-- Opening Marker --

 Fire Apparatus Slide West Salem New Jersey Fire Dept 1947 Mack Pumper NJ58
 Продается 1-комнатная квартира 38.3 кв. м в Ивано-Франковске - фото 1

-- Closing Marker --
-- Opening Marker --

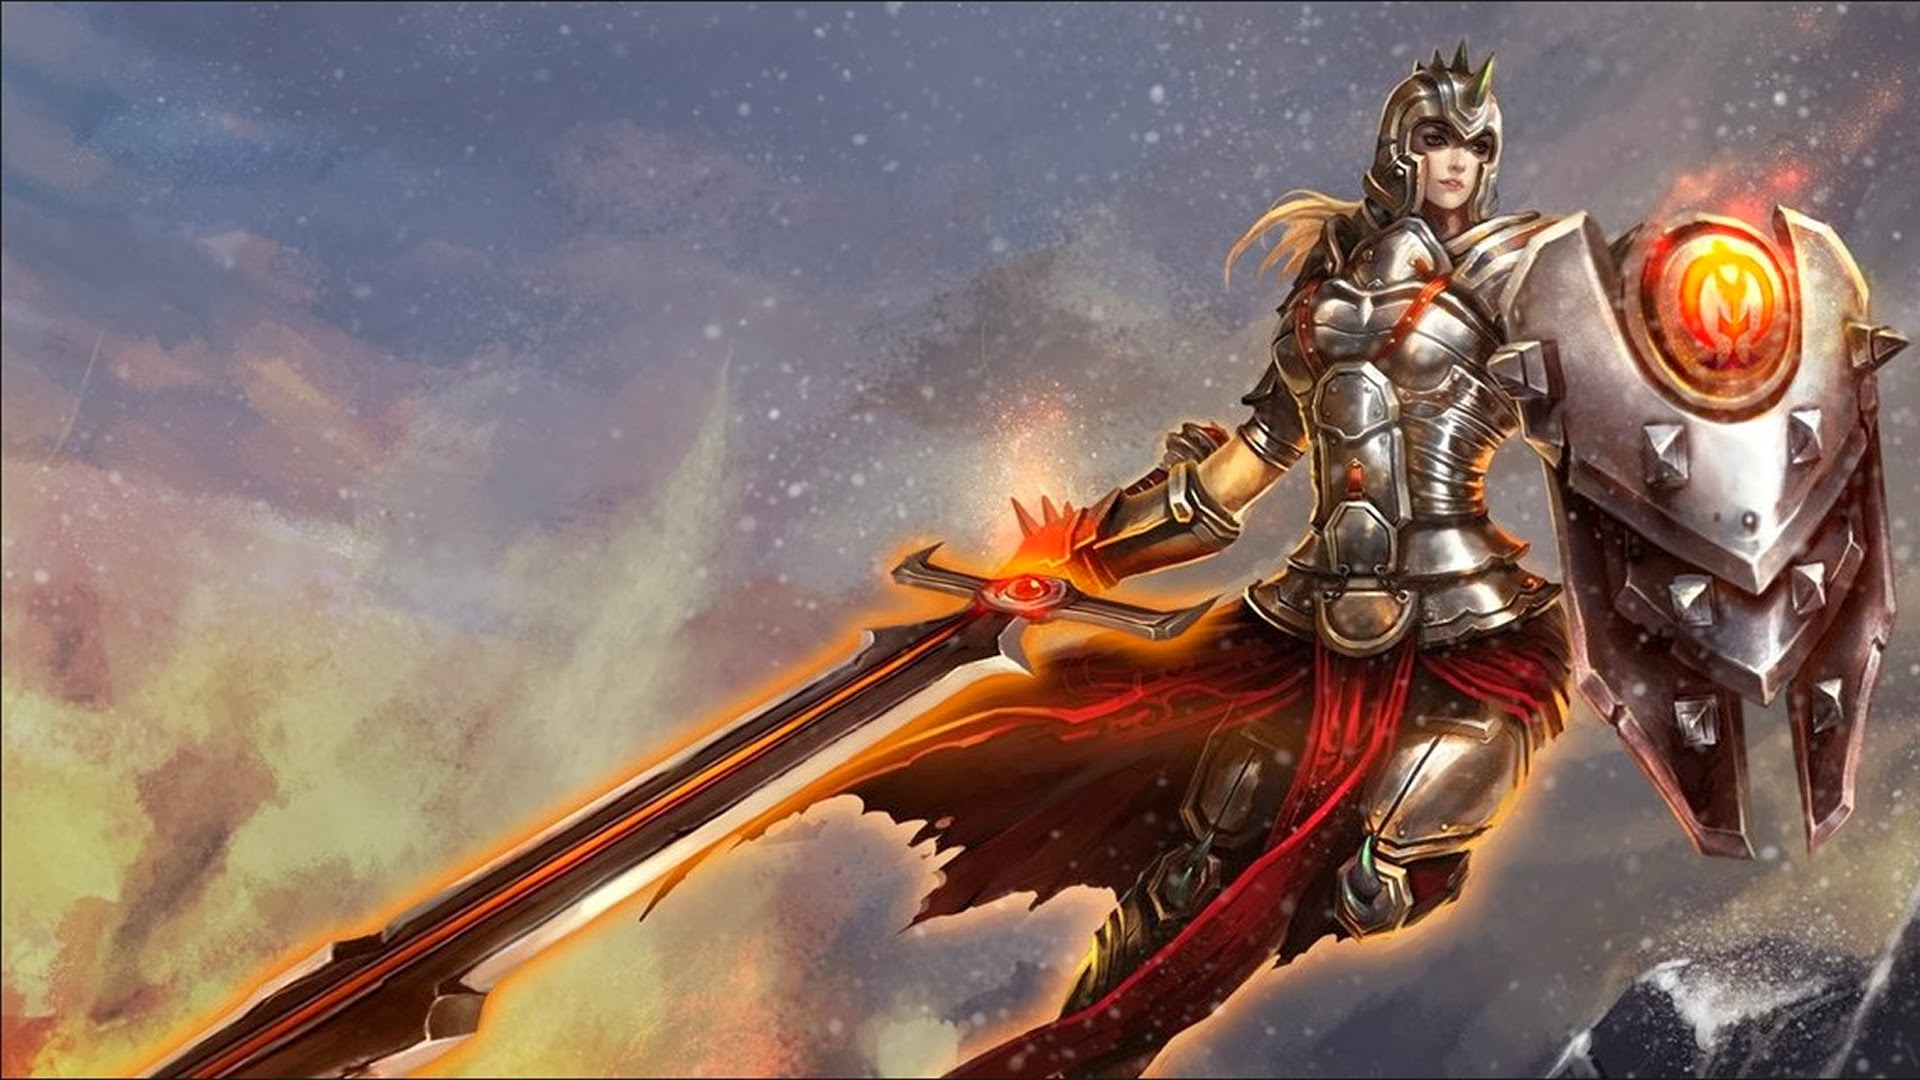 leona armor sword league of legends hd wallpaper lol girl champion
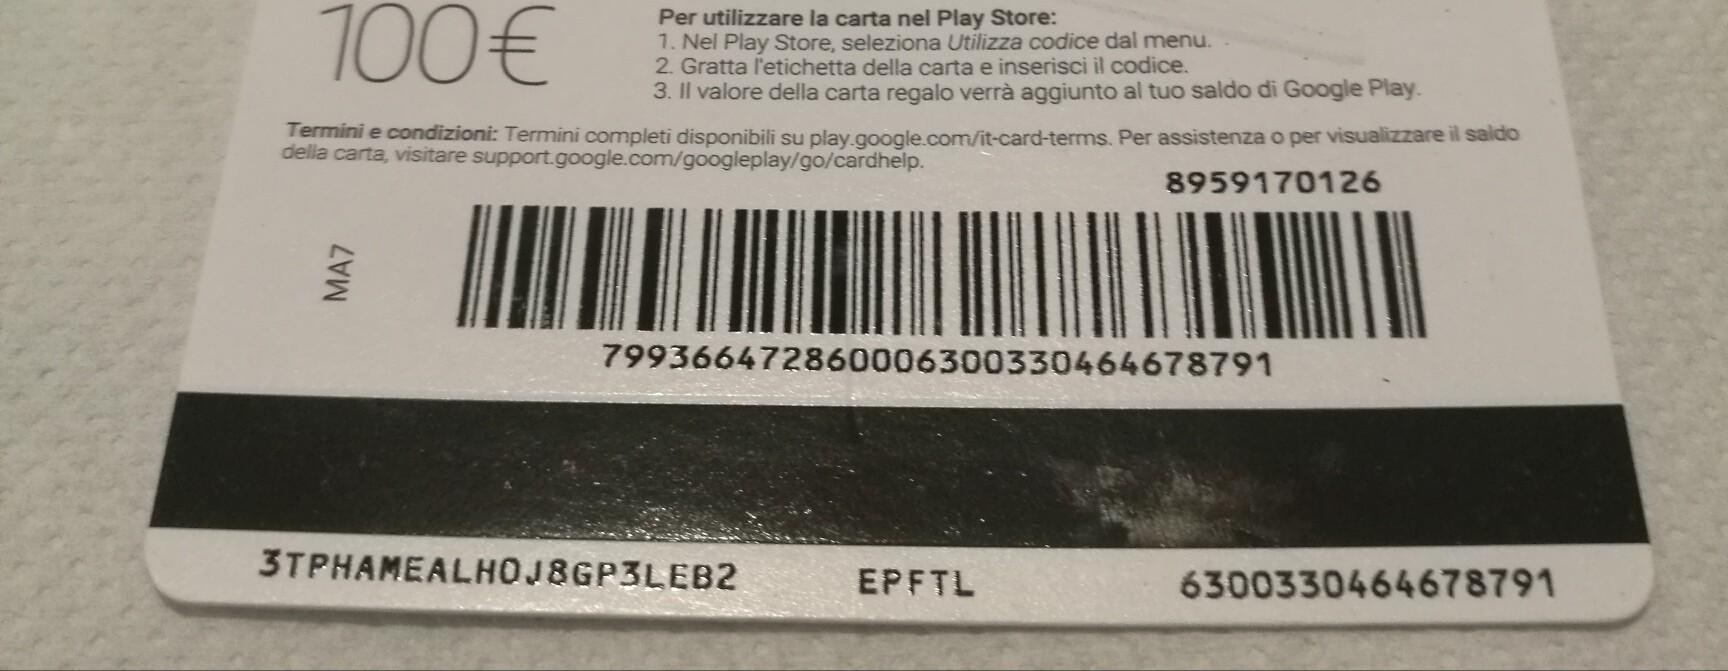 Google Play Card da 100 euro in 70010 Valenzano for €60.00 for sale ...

-- Closing Marker --

Exercise directions: Begin at the line above that has "Fire Apparatus Slide" and stop after the line that has "Продается 1-комнатная квартира", copying each line exactly and adding nothing else.

Answer space:
 Fire Apparatus Slide West Salem New Jersey Fire Dept 1947 Mack Pumper NJ58
 Продается 1-комнатная квартира 38.3 кв. м в Ивано-Франковске - фото 1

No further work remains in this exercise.